Your instructions: Among the entries below, which lines run from the line with "Lipton Pop Art" through the line with "Oberstaufen panorama image"? Retype those, both ends included, exactly and without pictures.

Material for this exercise:
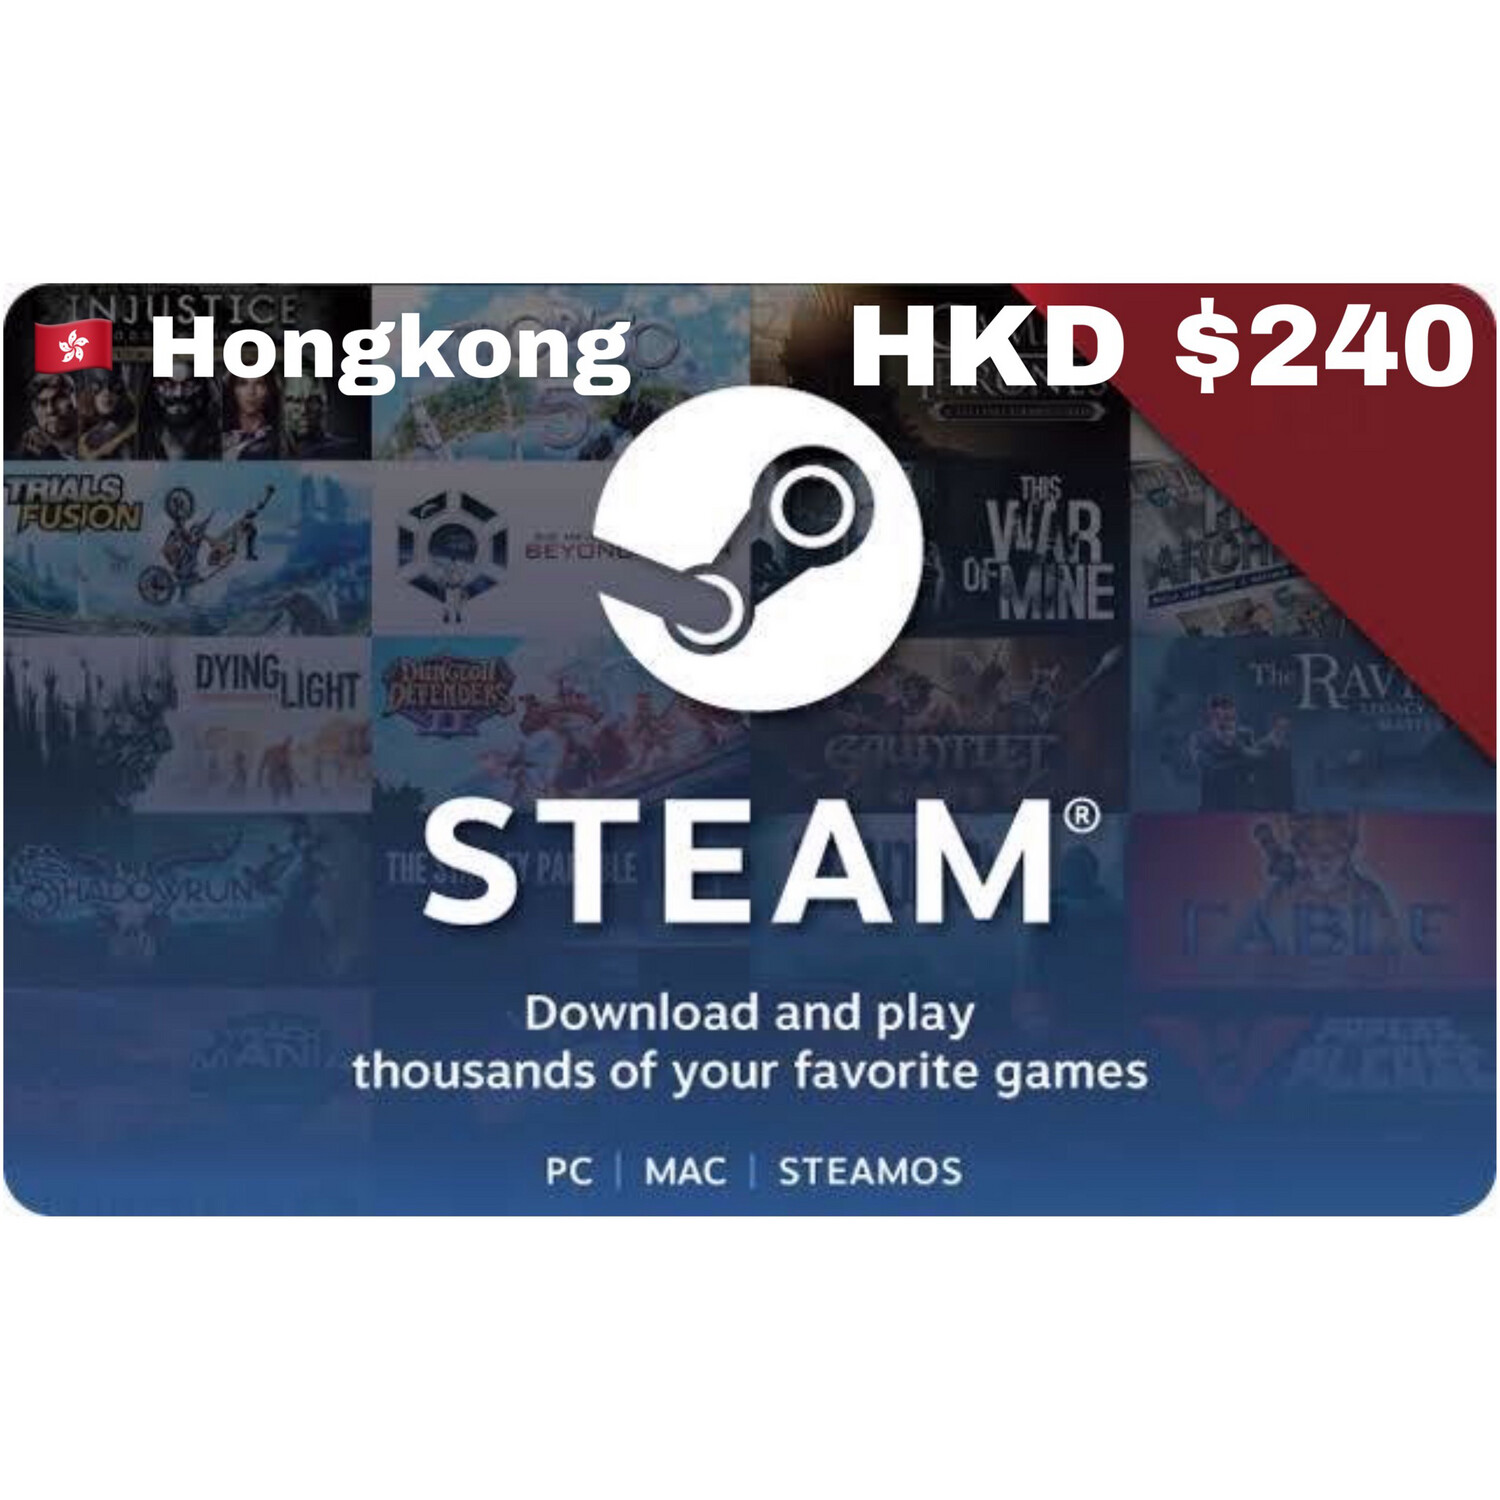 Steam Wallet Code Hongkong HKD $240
...
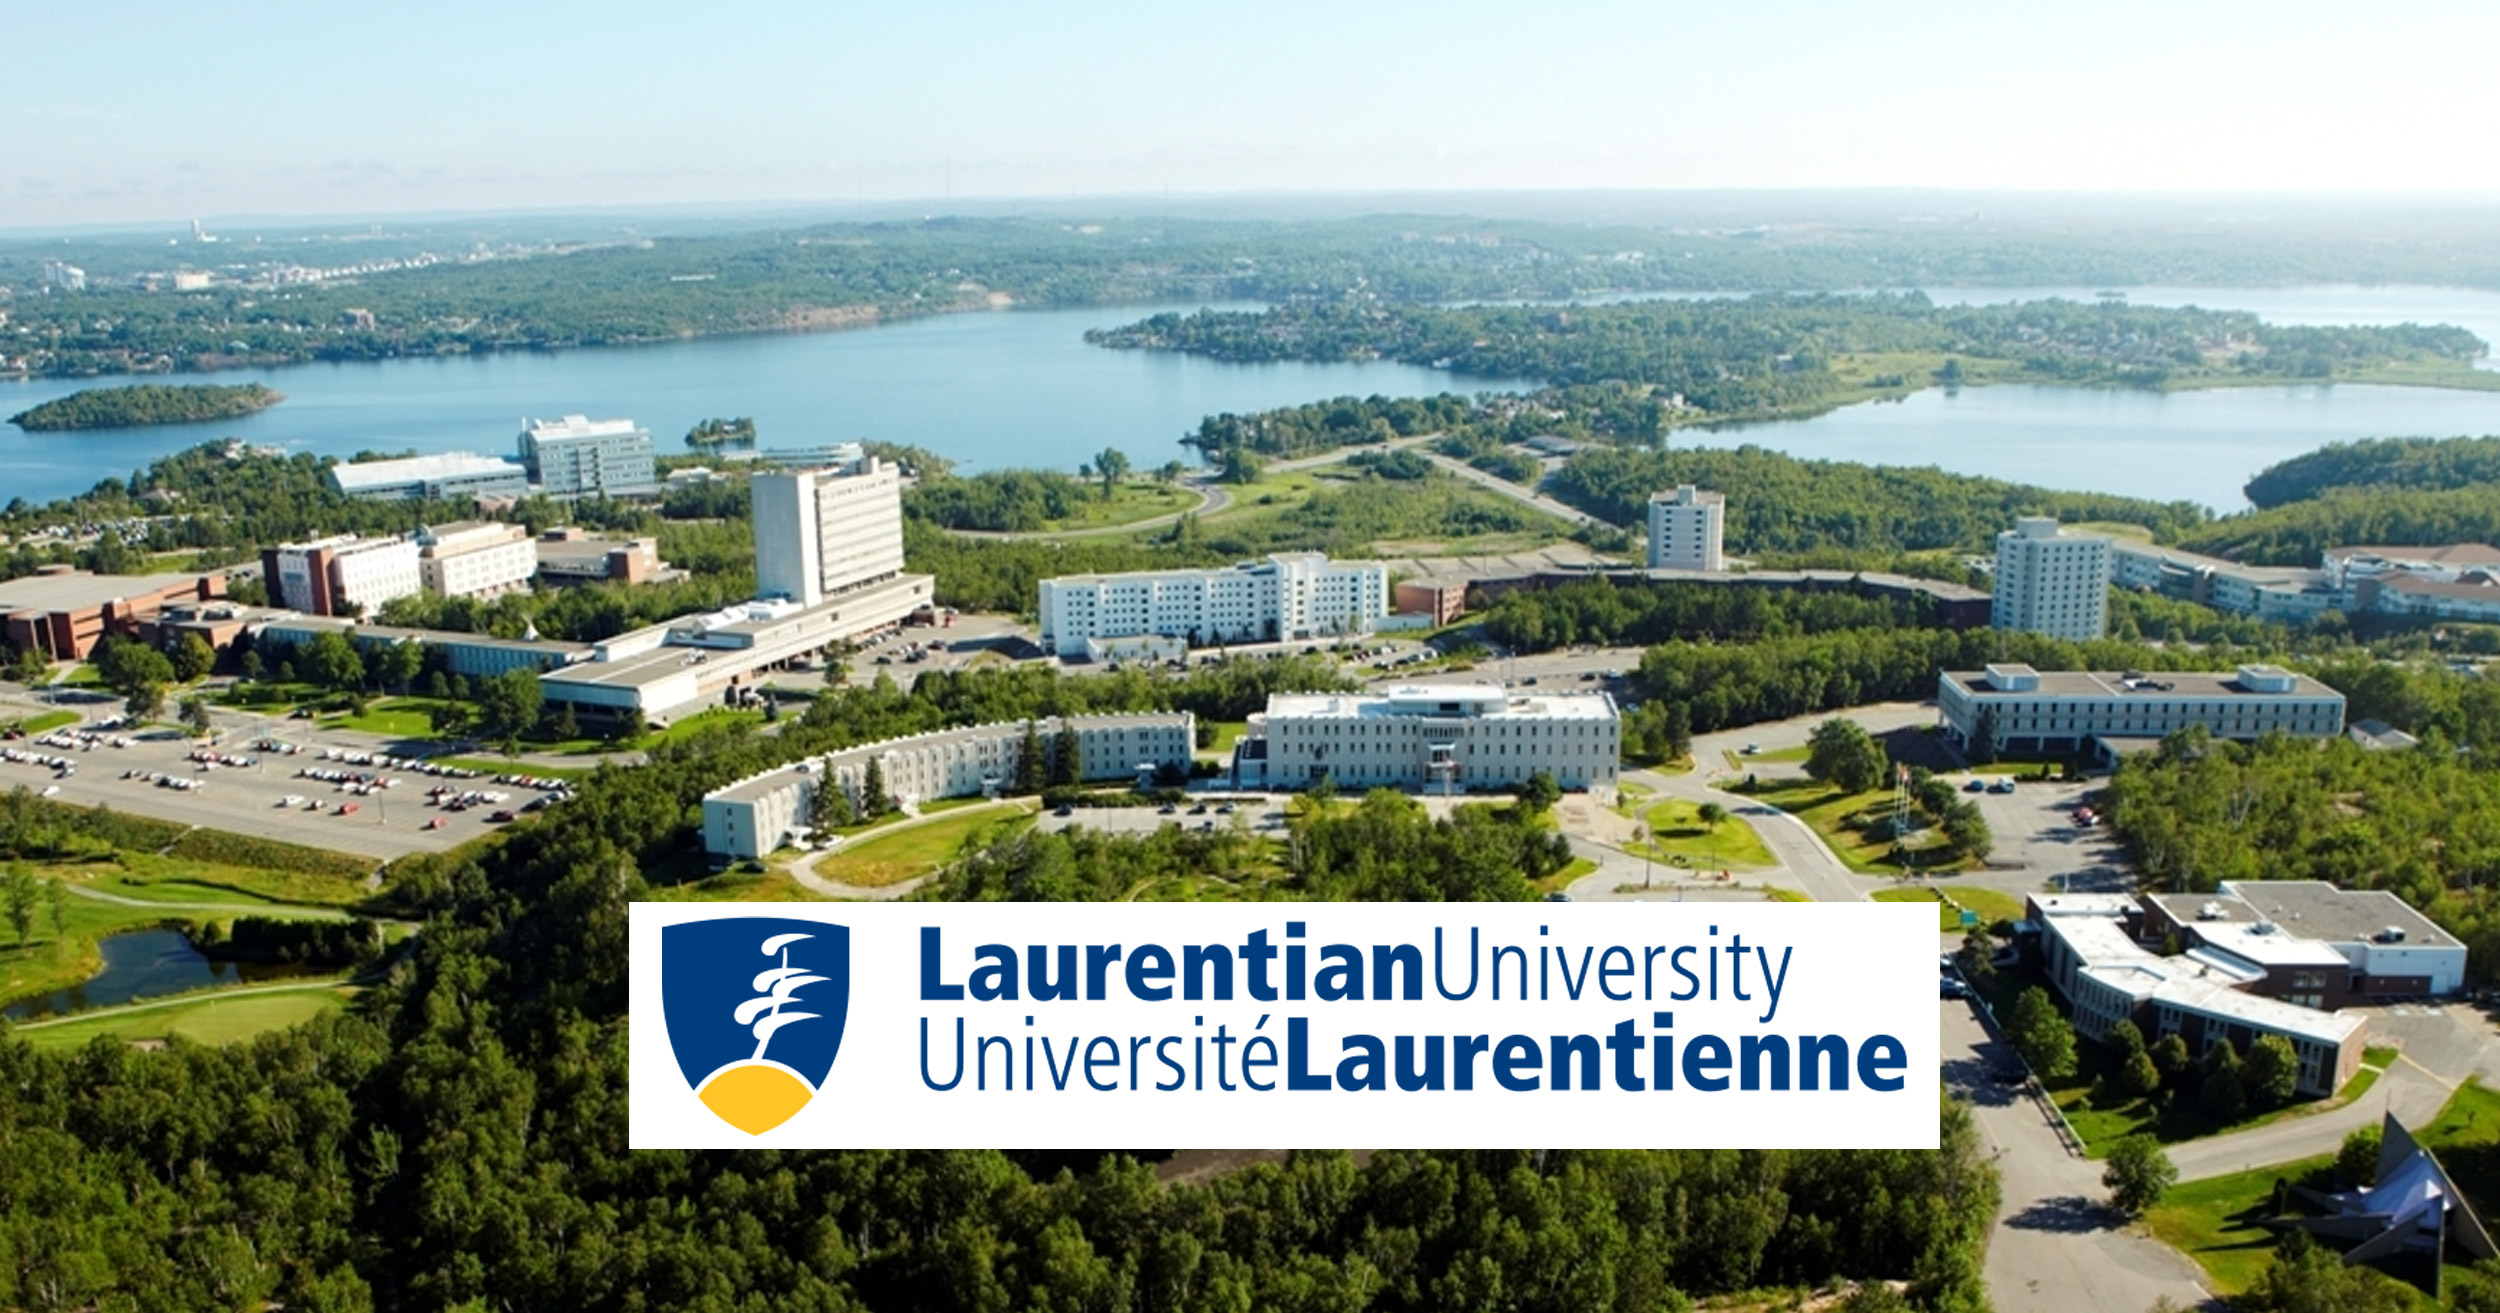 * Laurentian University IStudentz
---
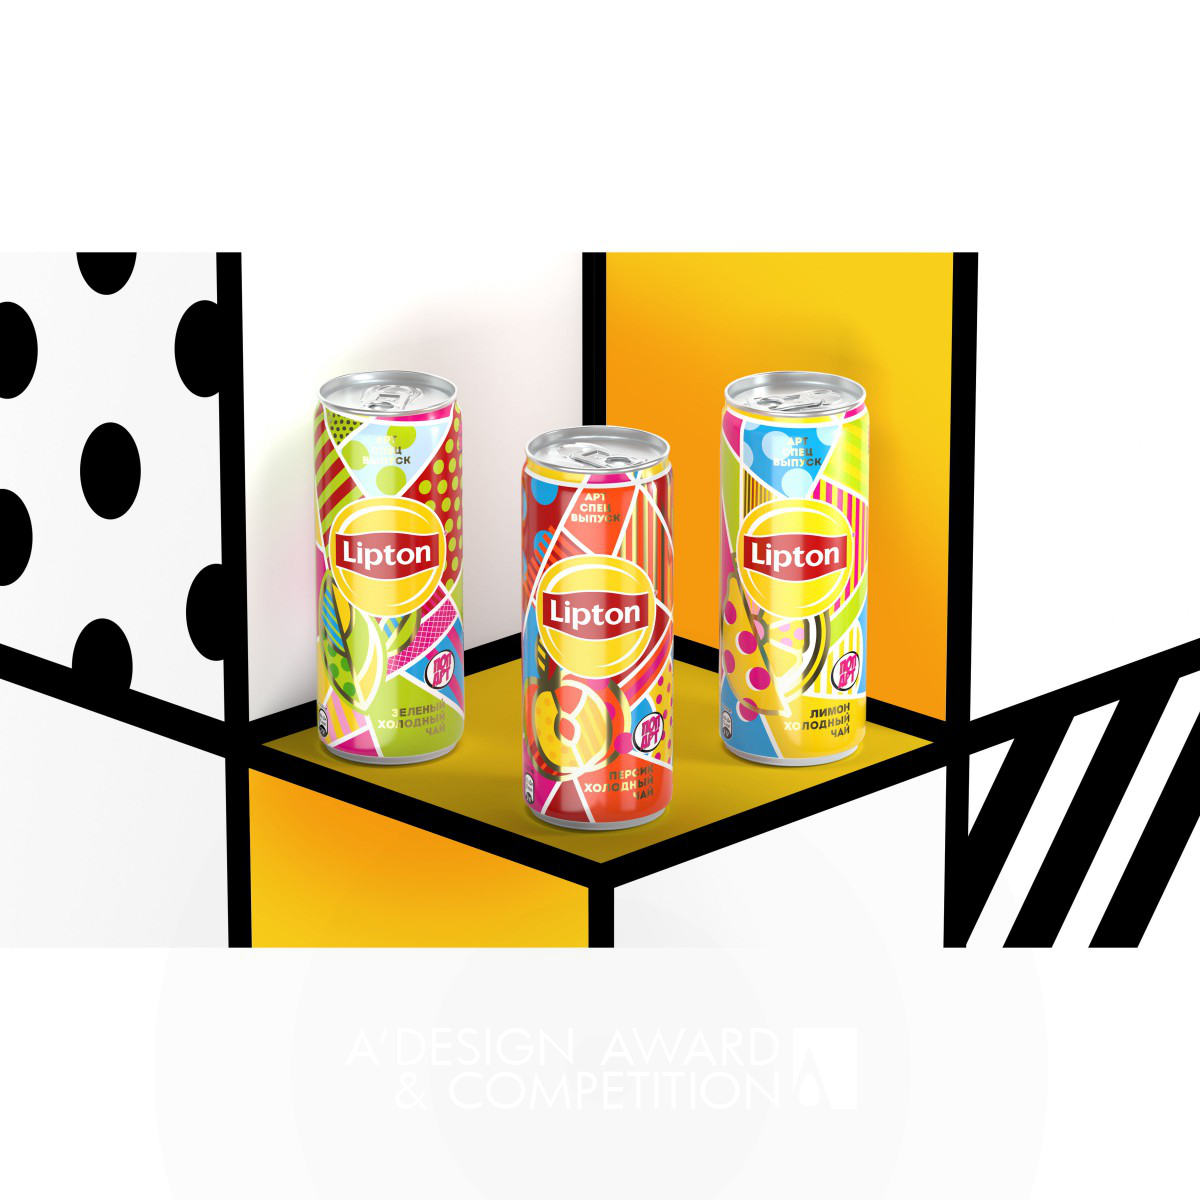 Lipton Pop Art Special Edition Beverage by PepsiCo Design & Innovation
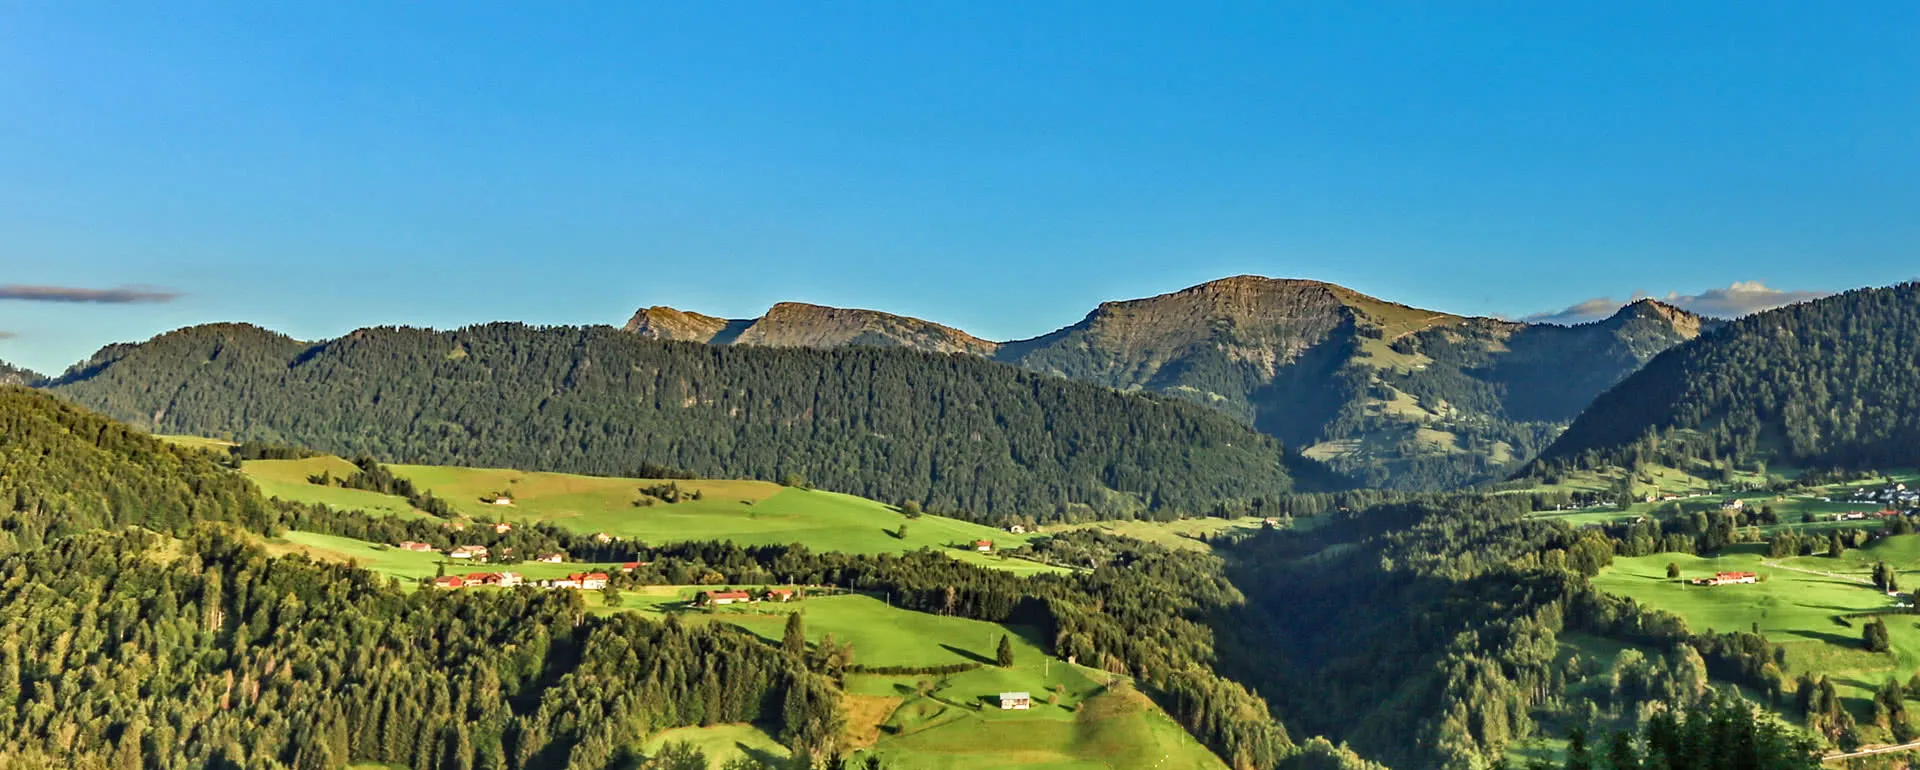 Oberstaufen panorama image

Written response:
 Lipton Pop Art Special Edition Beverage by PepsiCo Design & Innovation
 Oberstaufen panorama image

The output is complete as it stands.